Assessment applied and criticised

Identification and discussion of the principles of assessment and application to own subject/s

The four principles of assessment are validity, reliability, beneficence and efficiency.

Validity:

Validity is to ensure that assessment is focussed in the correct area. It is not useful or purposeful to assess work unrelated to the intention of the study. The area of study derives from a syllabus which leads to a course outline and objectives for each lesson, and assessment is valid when it focusses on the objectives of the lesson. This is also related to producing work in the syllabus and from the student which is up to date and relevant. In certain cases validity is threatened when a course timescale is unable to contain the whole of a syllabus and therefore assessment is insufficient and the student's strategy of revision for an examination may also be insufficient with an element of gambling involved about what may "come up".

Reliability:

Reliability is to ensure the repetition of assessment. It is not useful or purposeful if students cannot be compared across classes or for one year to the next. This means that assessment is reliable when it is the same across classes and times, so that the achievement of one student can be compared with another. Validity, in terms of updating knowledge and updating teaching fashion, may affect reliability over the medium and long term and this is the subject of much debate in the media.

Beneficence:

Being beneficial assures the student that there is a positive purpose to assessment and that it can be used by him or her for the purposes of improvement or moving on to higher study. Being beneficial is linked to making sure that the learner's own effort is involved because plagiarism by any means is (at the very least) not going going to benefit the student as well as translating material into his or her own output. It is not useful or purposeful if the student cannot see the point of the assessment being made and it carries no advantage or the teacher cannot use it to guide the student on. It is also important that the entry level is accurately gauged, otherwise assessment will not be beneficial if the assessment is too difficult or too easy. However, much summative assessment in subjects (if usually outside adult and further education) does carry a finality about it so that from the examination on no more may be seen or heard of that subject! So formative assessment should offer feedback and guidance, and summative assessment should give certification and a path to improvement.

Efficiency:

Being efficient ensures that the student spends a minimal amount of time away from additional learning to give the formative feedback of current learning and that summative assessment is not overbearing and overstressful or, in an opposite view, frustrating by repetition. This is linked to sufficiency, in that efficient assessment must also be sufficient. It is not useful or purposeful if the student is engaging too much time in formative assessment activities given the limited timescale of a course or having to produce a greater file of work than the syllabus would need or more exams than would cover the syllabus. Some syllabuses may work out at being repetitive in assessment, for example where the same skills are repeated in IT between "word" processing and "text" processing. In any case somewhere along the line more money is being spent by the student or authorities than is necessary and too much time may be given when a shorter course is just as efficient (being linked to the entry level and learning speed of a student).

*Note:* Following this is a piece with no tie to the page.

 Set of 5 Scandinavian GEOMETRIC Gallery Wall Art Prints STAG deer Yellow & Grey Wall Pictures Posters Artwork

Whether assessment is valid, reliable, beneficial or efficient depends upon how a particular subject area chooses its methods of formative and summative assessment.

Applications

In my teaching experience I have observed how the above principles of assessment have and have not been applied to subject areas and from this I propose how they ought to be applied. I also propose to go on to argue for the terminology of "evaluation" over "assessment".

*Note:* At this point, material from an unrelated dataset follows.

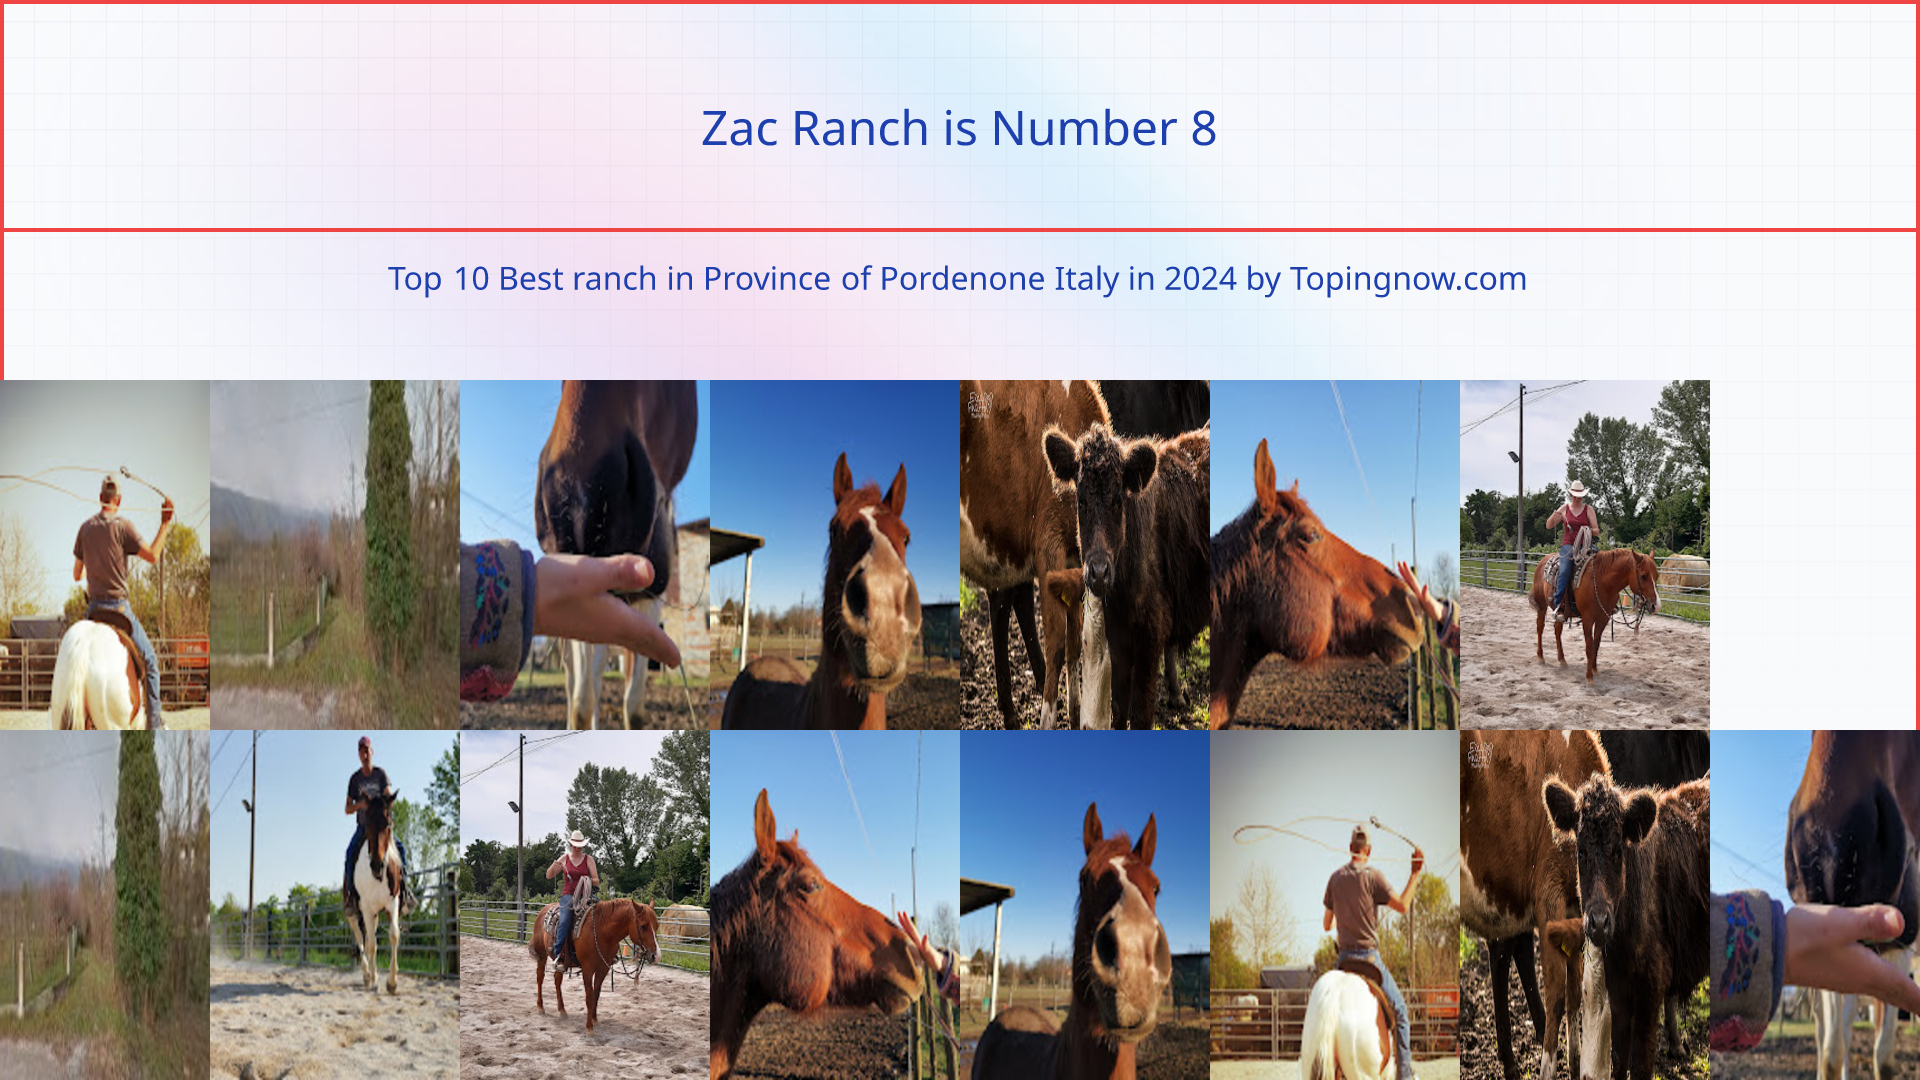 Zac Ranch: Top 10 Best ranch in Province of Pordenone Italy in 2024

In teaching Sociology my task was to carry out formative assessment. This was the purpose of the tutorials, to monitor the effectiveness of the lecture. So whilst I was responsible for generating discussion, I was also monitoring their comprehension. In this introductory course no work was actually handed in. Clearly this informal method relies upon the teacher and may not be very reliable, although one hoped to be even across the groups - but then the groups often generated their own discussions and concerns. So I was a tool of focus and making valid what was an informal ongoing assessment. How beneficial this was to individuals obviously depended upon the effectiveness of the discussion sessions and correcting and guiding particular comments, so it was incumbent on me not to let individuals slip through the net. Therefore my preparation was centred upon the syllabus as it was set for that time and had pre-emptive points to reinforce, but it relied much upon the co-operation and interest of the student, although they were required to attend. In the end the greatest focus came at the time of summative assessment, when I spoke of the questions they would face in the exam. This was extremely efficient, but had the effect of reducing the syllabus, but then the purpose was to pass Psychology students through Sociology to prove that they had "done it".

In a better arrangement then there would be small pieces of work to hand in based upon the lecture content, and there would not be such revelation of examination areas. The identified work would allow me to see what was being understood and not understood by each individual, and then as a whole the objectives could be better served, and although the exam would be more uncertain for students, they would then cover the whole syllabus in their revision efforts, and they would have been able to state that they had a better understanding of the whole of Sociology. It was beneficial that they had passed (they all did) and could move on, but any switching to Sociology or importing that interest into their psychological work might have been impaired, so I would have preferred that they worked to the whole syllabus.

In the Research Methods I taught work was being formed. There was a similar informal monitoring process going on within the seminars based upon my lectures and a lot of reinforcement happened. Nevertheless each student was forming research proposals within a slightly extended essay format. The precision of each work was based on their own interest and then upon the focus on research methods. It was here that I monitored whether they understood the applicability of research methods. This work was often presented, in preparation form, and by summary, by the students to the seminars. This again was up to my judgement as to whether they were learning the correct applicability of research methods. Everyone was covered in this, but some came for assessment more than others as the sessions became more informal (the intention of the course outline).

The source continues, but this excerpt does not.